Development of new fabrication technologies never stops at leading-edge companies such as TSMC. Therefore, it is not surprising to hear the annoucement that development of TSMC’s 3nm node is well underway, something the company publicly confirmed last week. As it appears, the manufacturing technology is out of its pathfinding mode and TSMC has already started engaging with early customers.

“On N3, the technology development progress is going well, and we are already engaging with the early customers on the technology definition,” said C.C. Wei, CEO and co-chairman of TSMC, in a conference call with investors and financial analysts. “We expect our 3-nanometer technology to further extend our leadership position well into the future.”

Since its N3 technology is in its early stages of development, TSMC doesn't currently talk about the specific characteristics of the process nor its advantages over N5. TSMC said that it had evaluated all possible transistor structure options for 3nm and came out with ‘a very good solution’ for its clients. The specification is under development and the company is confident it would meet requirements of its leading partnering customer.

One of TSMC’s arch-rivals, Samsung Foundry, plans to use nanosheet-based Gate-All-Around MBCFET transistors for its own 3nm (3GAAE) process technology. Since TSMC will have to be competitive with its rival, we expect the company to also advance its 3nm node significantly in comparison to its 5nm node. In fact, TSMC confirms that N3 is a brand-new process technology, not an improvement or iteration of N5.

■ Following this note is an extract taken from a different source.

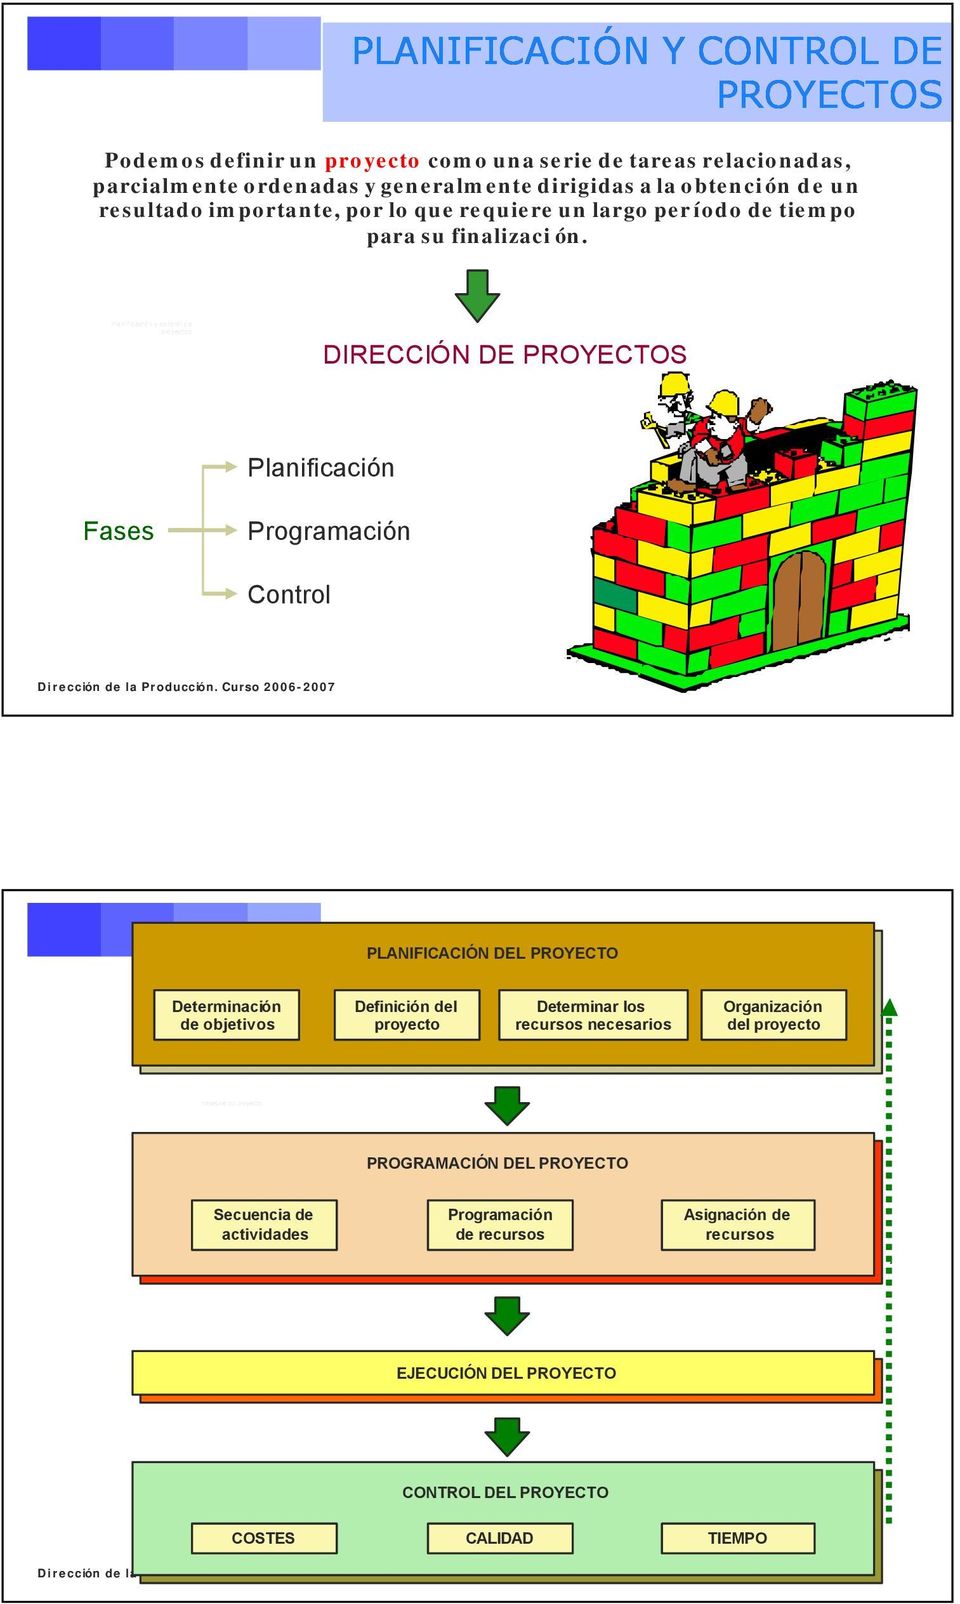 Planificación n y control de proyectos DIRECCIÓN DE PROYECTOS Planificación Fases Programación Control PLANIFICACIÓN DEL PROYECTO Determinación de objetivos Definición del

Meanwhile, it is safe to say that that TSMC’s 3 nm node will use both deep ultraviolet (DUV) and extreme ultraviolet (EUV) lithography equipment. Since TSMC’s N5 uses up to 14 EUV layers, it is likely that N3 will go even higher in the amount of layers employed. The world’s largest contract maker of semiconductors also seems to be quite happy with its EUV progress and considers the technology important for its future.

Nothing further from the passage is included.